Data shows that in 2017 there are 14,900 nuclear warheads in the world. Russia (7,000) and the US (6,000) have the lion’s share, followed by China (260) and the UK (215), with France and other countries also in possession of the devastating weapon. Although not all nuclear weapons have the same destructive capabilities, the US and Russia have thermonuclear weapons, which the most devastating of all types of nuclear weaponry.
But what would happen of all the nuclear bombs were detonated concurrently? Assuming that all 13,800 bombs will detonate on the surface, and will be evenly spaced out across the world, 94 kilometres of land will be immediately obliterated, and 232,000 square kilometres of infrastructure will have been blown away. A fireball would develop almost immediately covering a 79,000km radius and vaporising anything in its path, and anyone within 5.8 million square kilometers from it would suffer third degree burns.
The subsequent ionising radiation in the atmosphere will contaminate an area 284,000 square kilometres in size, so most who manage to survive the initial blast will develop radiation sickness.
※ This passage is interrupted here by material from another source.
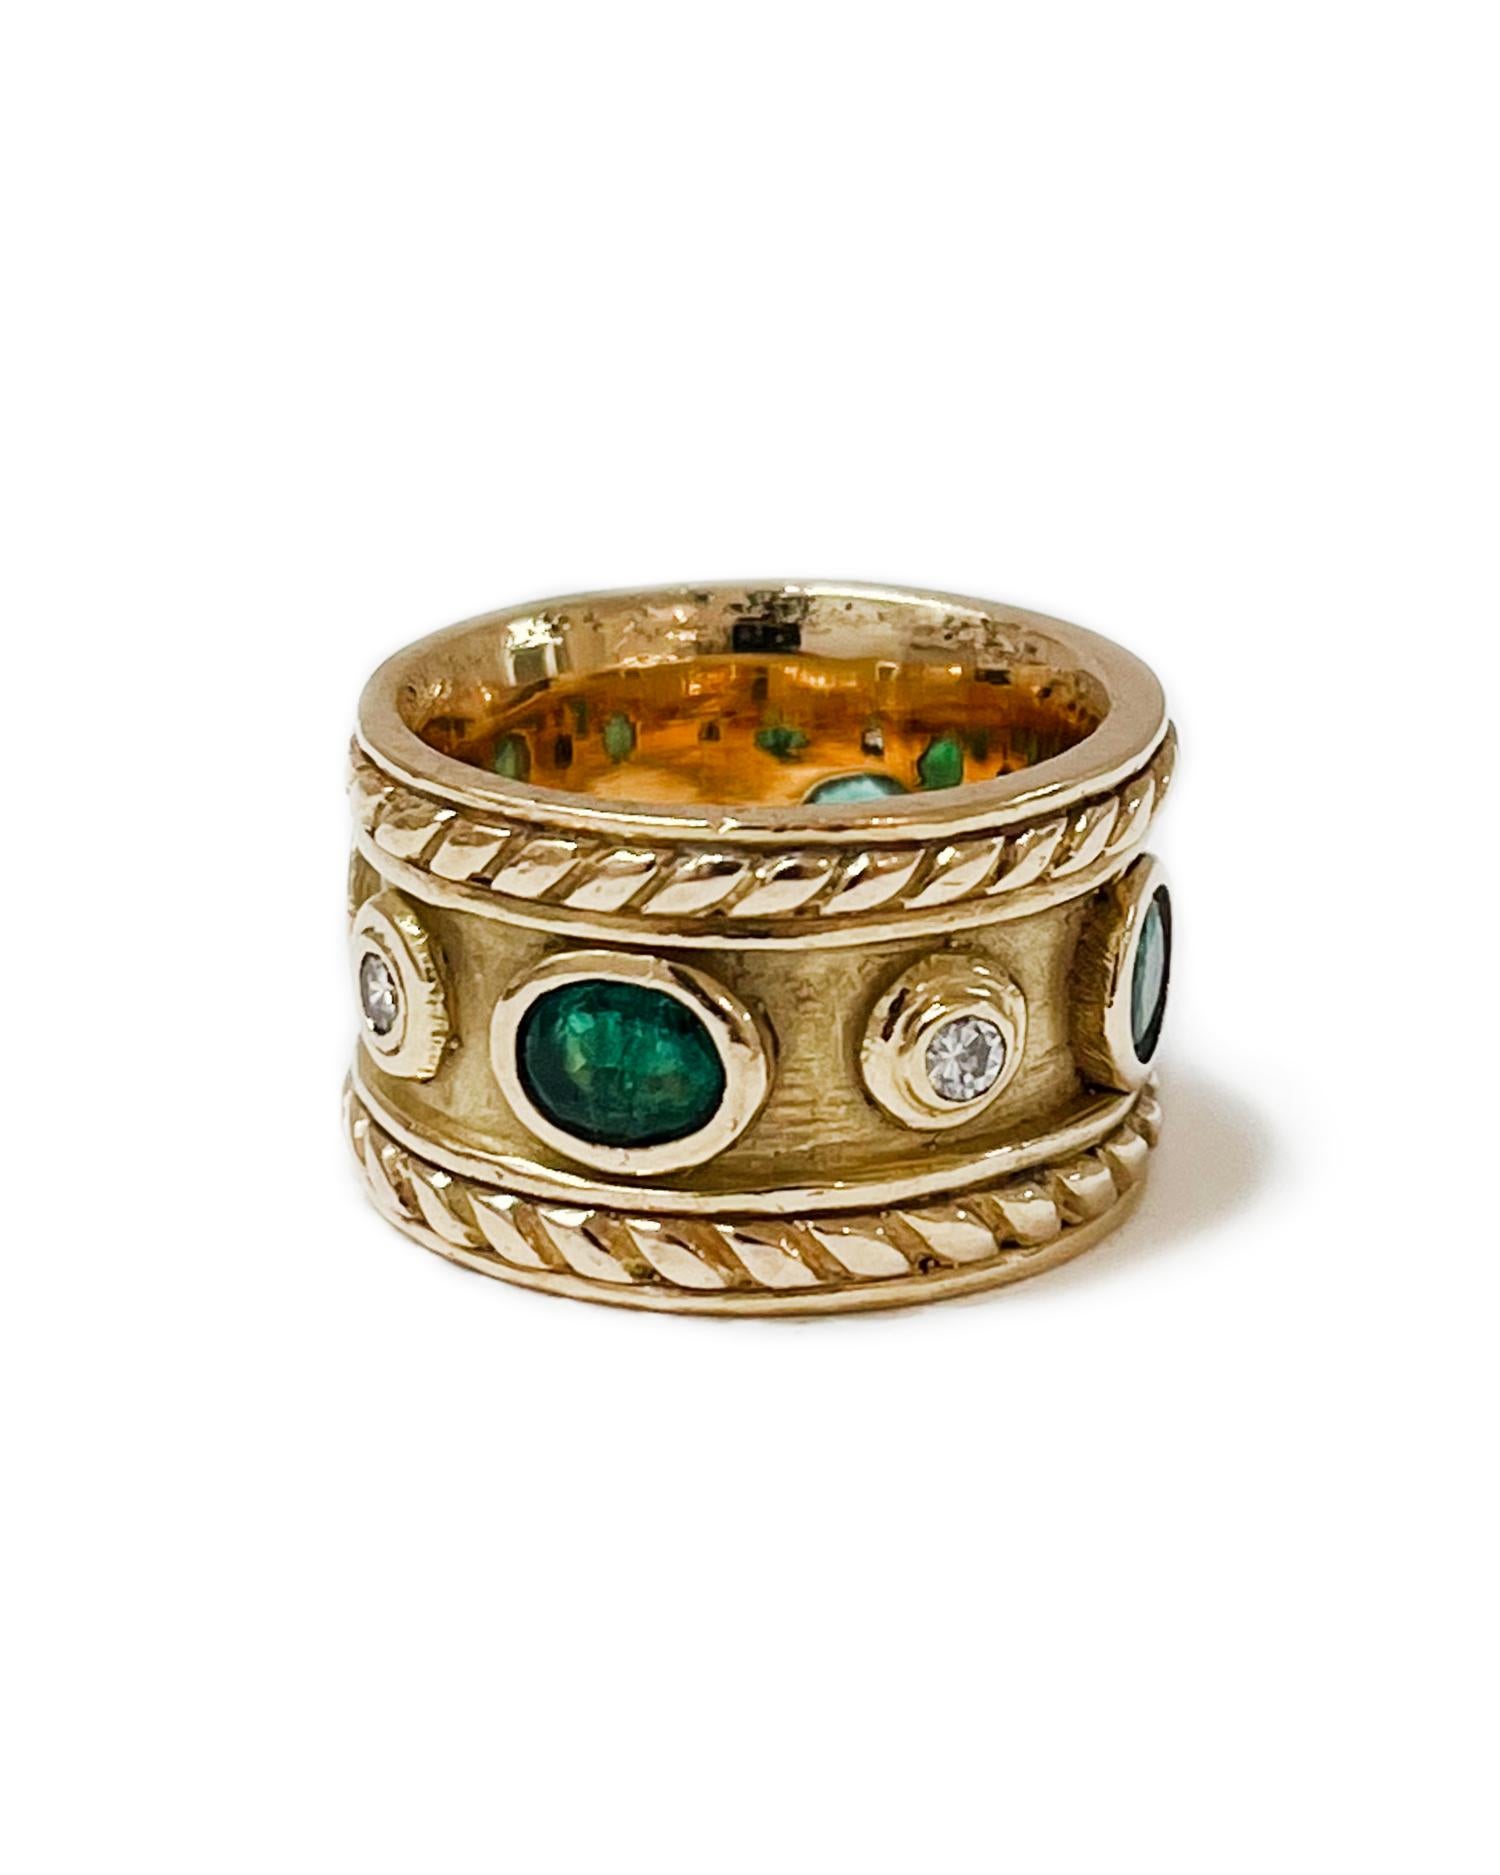 Oval Cut Royalty Band Ring in Emerald, Diamond and 14k Yellow Gold
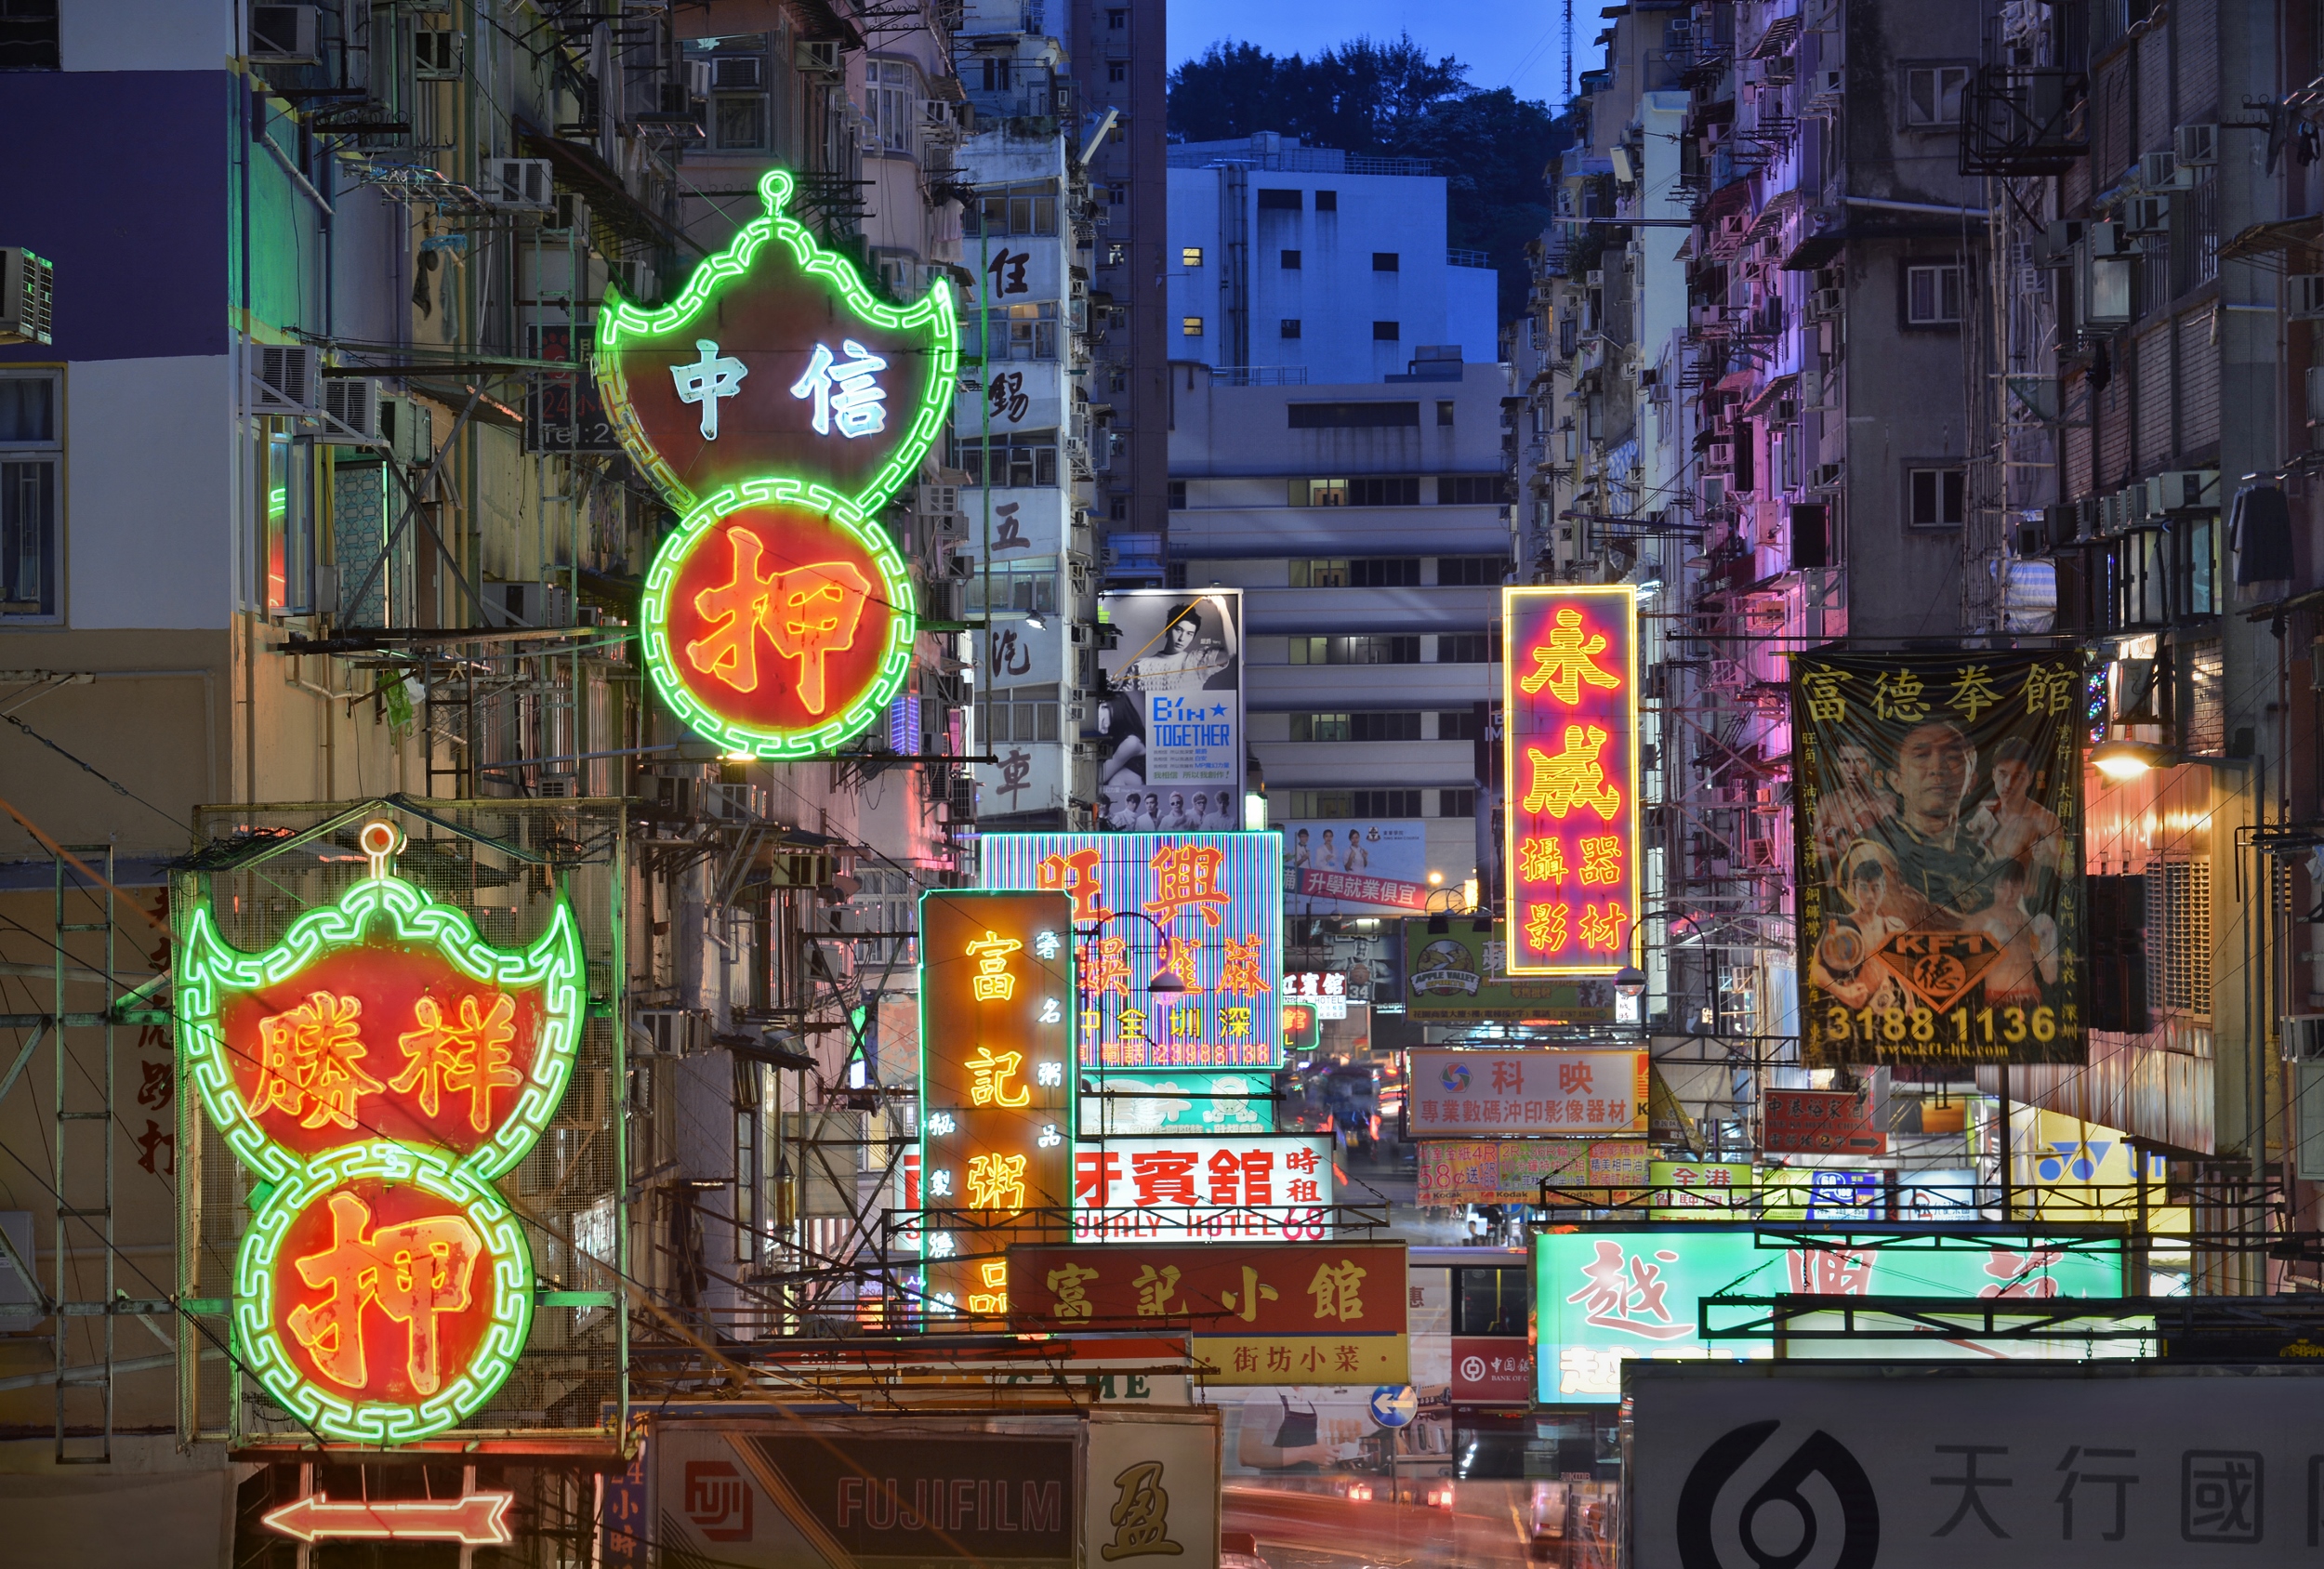 Hong Kong is Losing its Identity, One Neon Light at a Time. - RICE

The final chapter in this apocalyptic scenario would be a nuclear winter. If there were any survivors who haven’t succumbed to radiation, they will have to get ready for widespread darkness across the planet. The nuclear winter would cool the world for hundreds of years, as the black carbon soot from the explosions would block solar radiation reaching the surface of the earth, making photosynthesis impossible.